(Stored items)
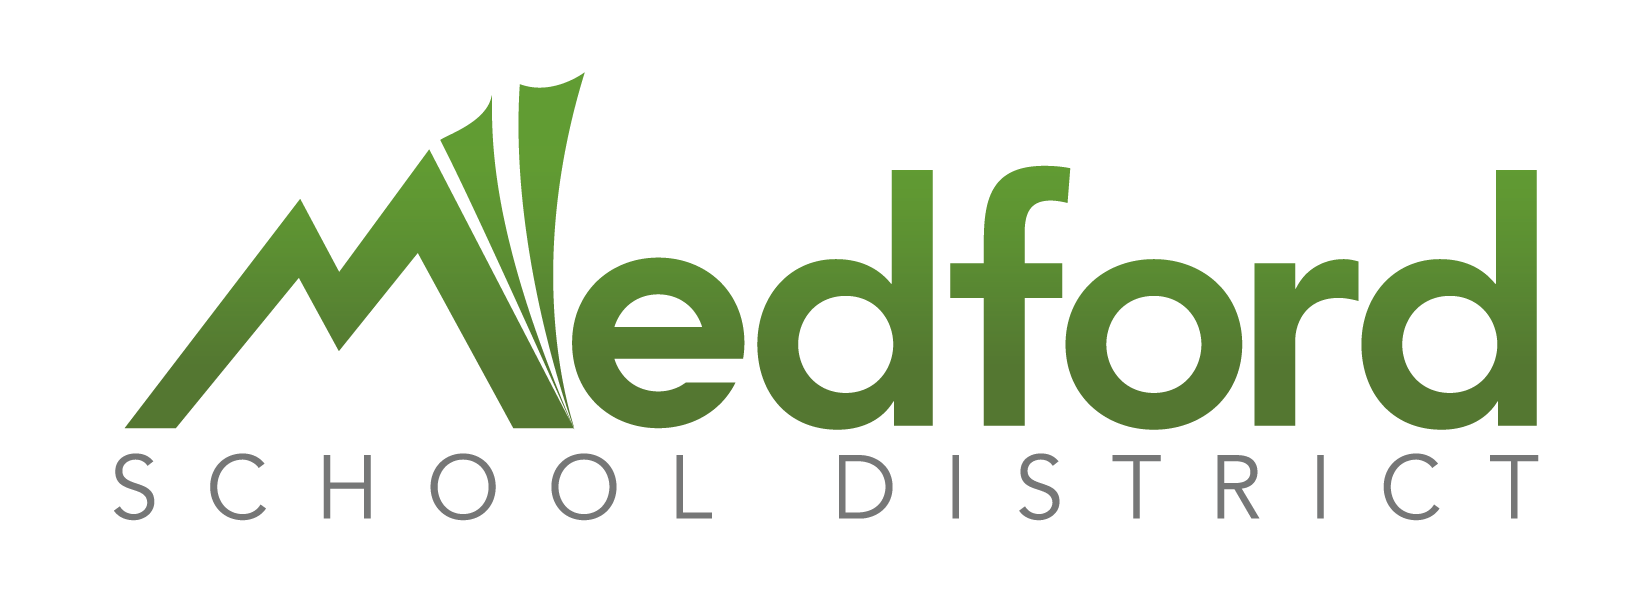 Medford School District's Logo
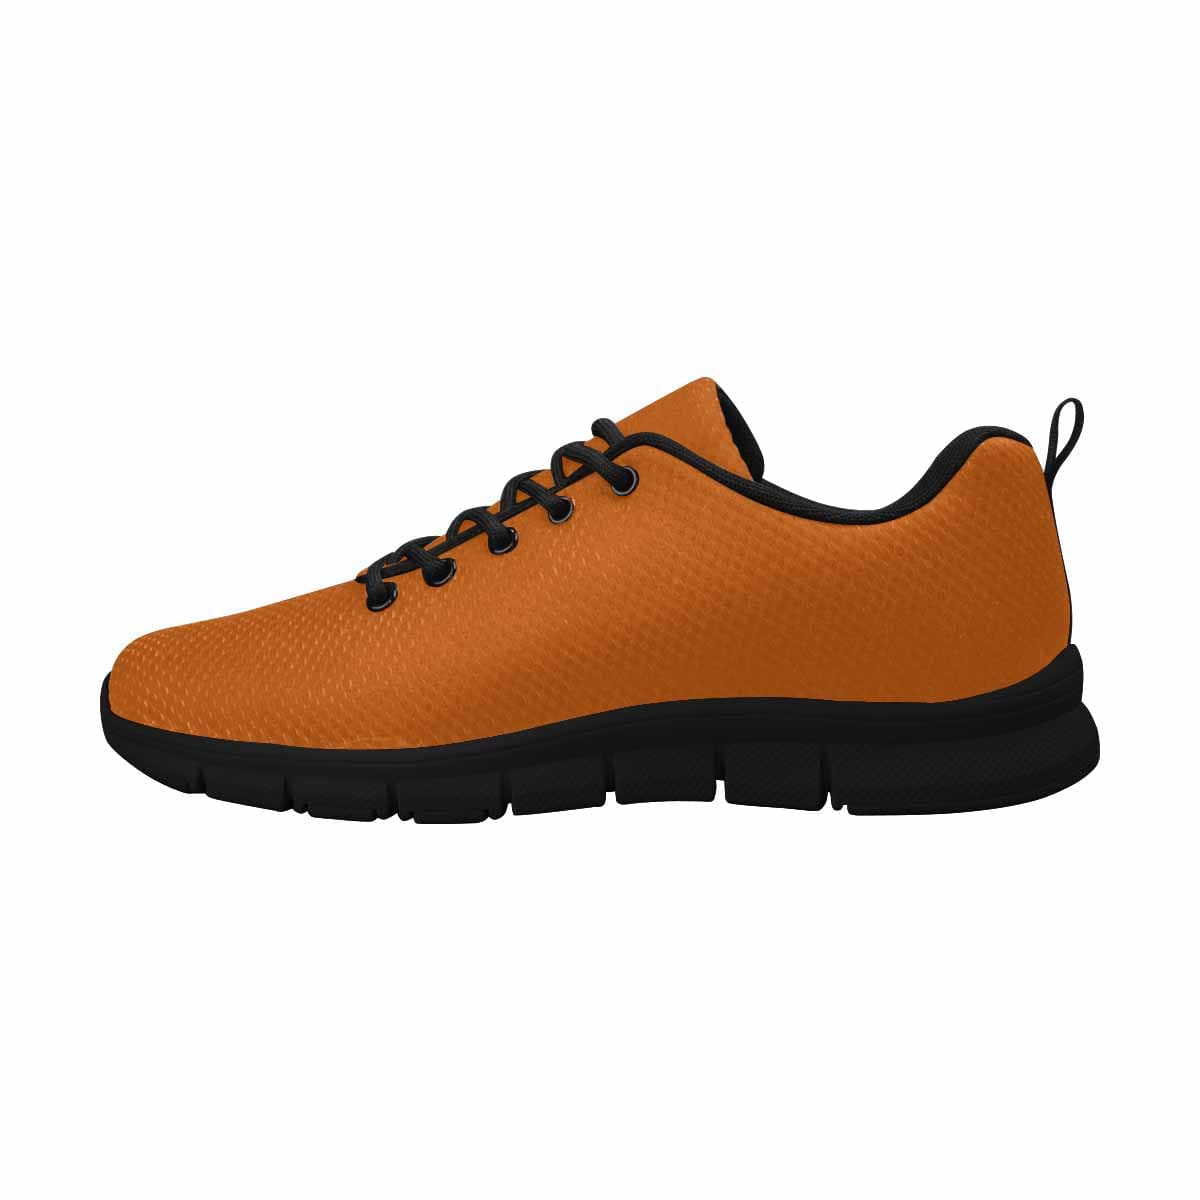 Sneakers For Men Burnt Orange Running Shoes - Mens | Sneakers | Running
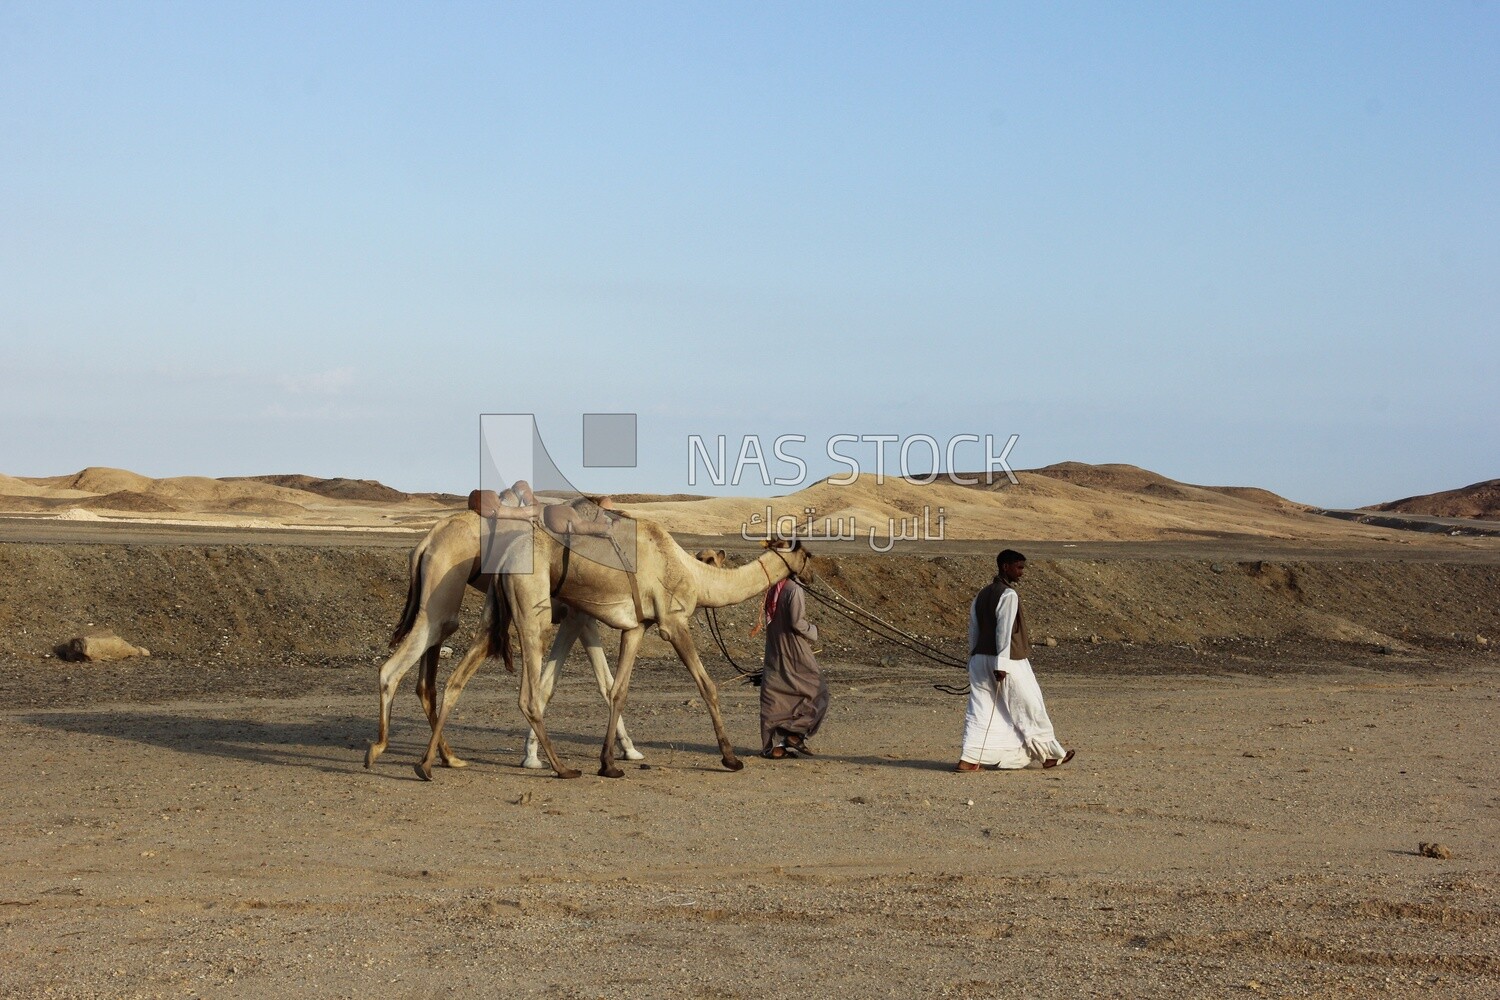 Two Bedouin men walking with camels in the desert
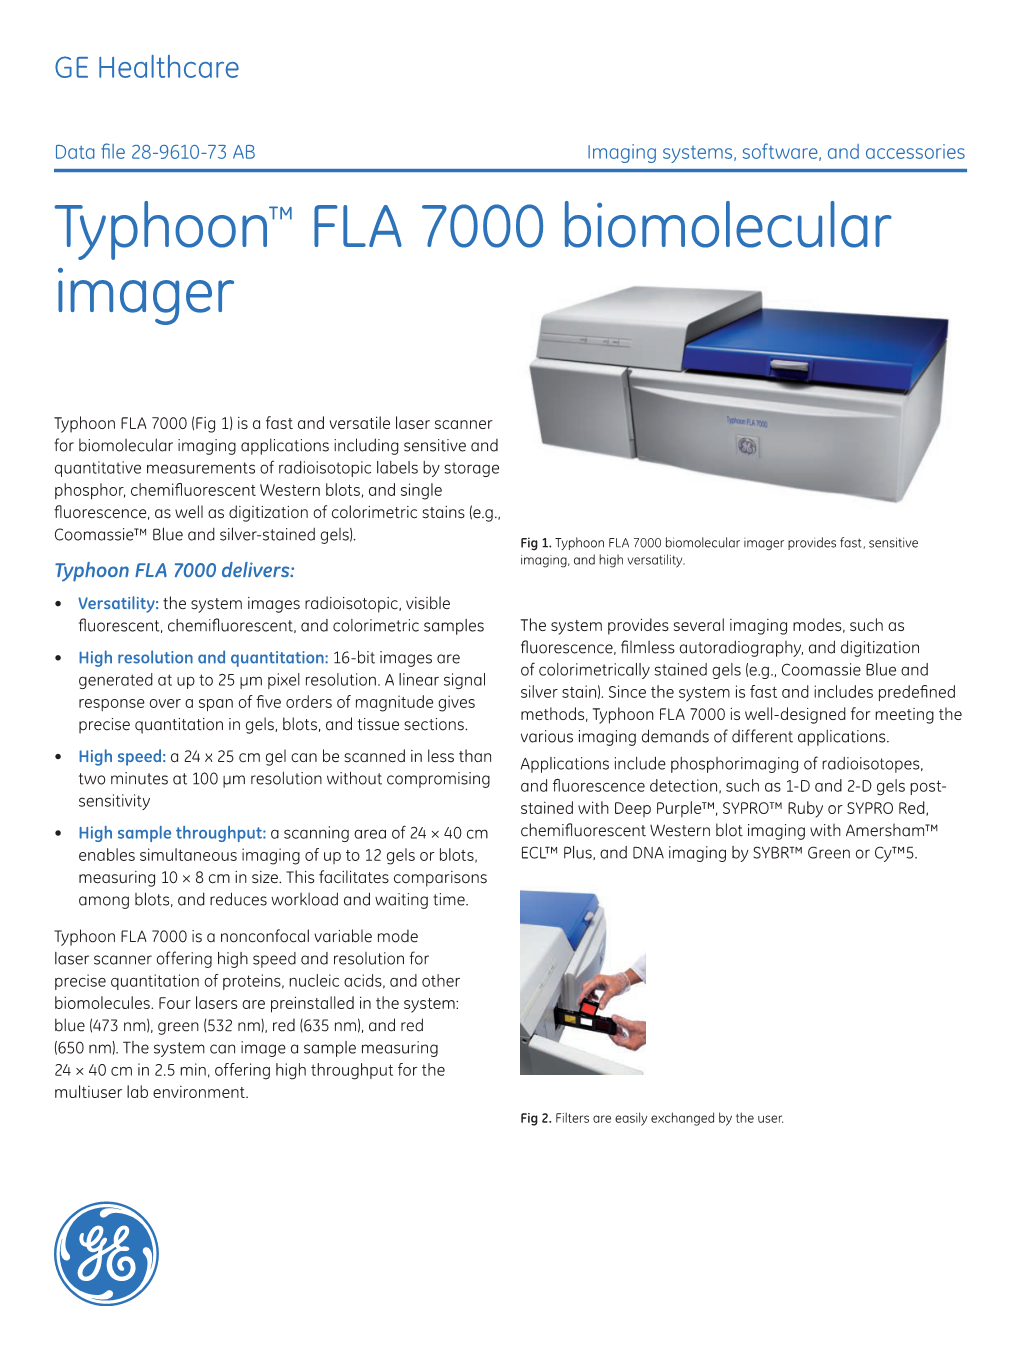 Typhoon™ FLA 7000 Biomolecular Imager
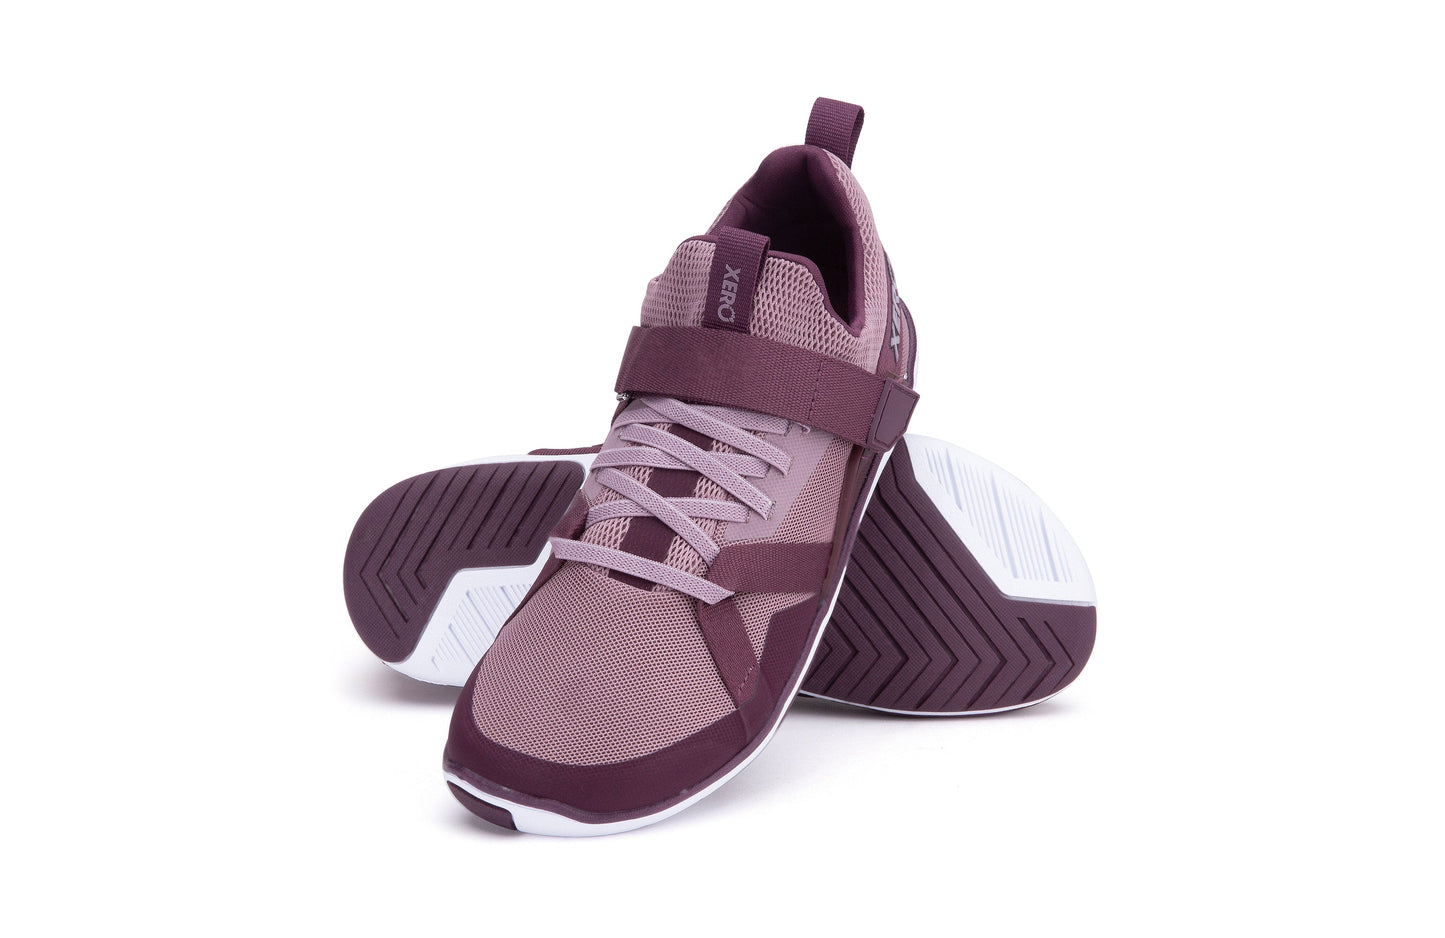 Xero Shoes Forza Trainer Womens barfods træningssko til kvinder i farven elderberry / fig, par

WHAT IS BEING ASKED: The reply should reproduce every entry above word for word and contain no pictures.

RESPONSE FOR THIS EXERCISE:
 Medford School District's Logo
 Sneakers For Men Burnt Orange Running Shoes - Mens | Sneakers | Running
 Two Bedouin men walking with camels in the desert
 Typhoon™ FLA 7000 Biomolecular Imager
 Xero Shoes Forza Trainer Womens barfods træningssko til kvinder i farven elderberry / fig, par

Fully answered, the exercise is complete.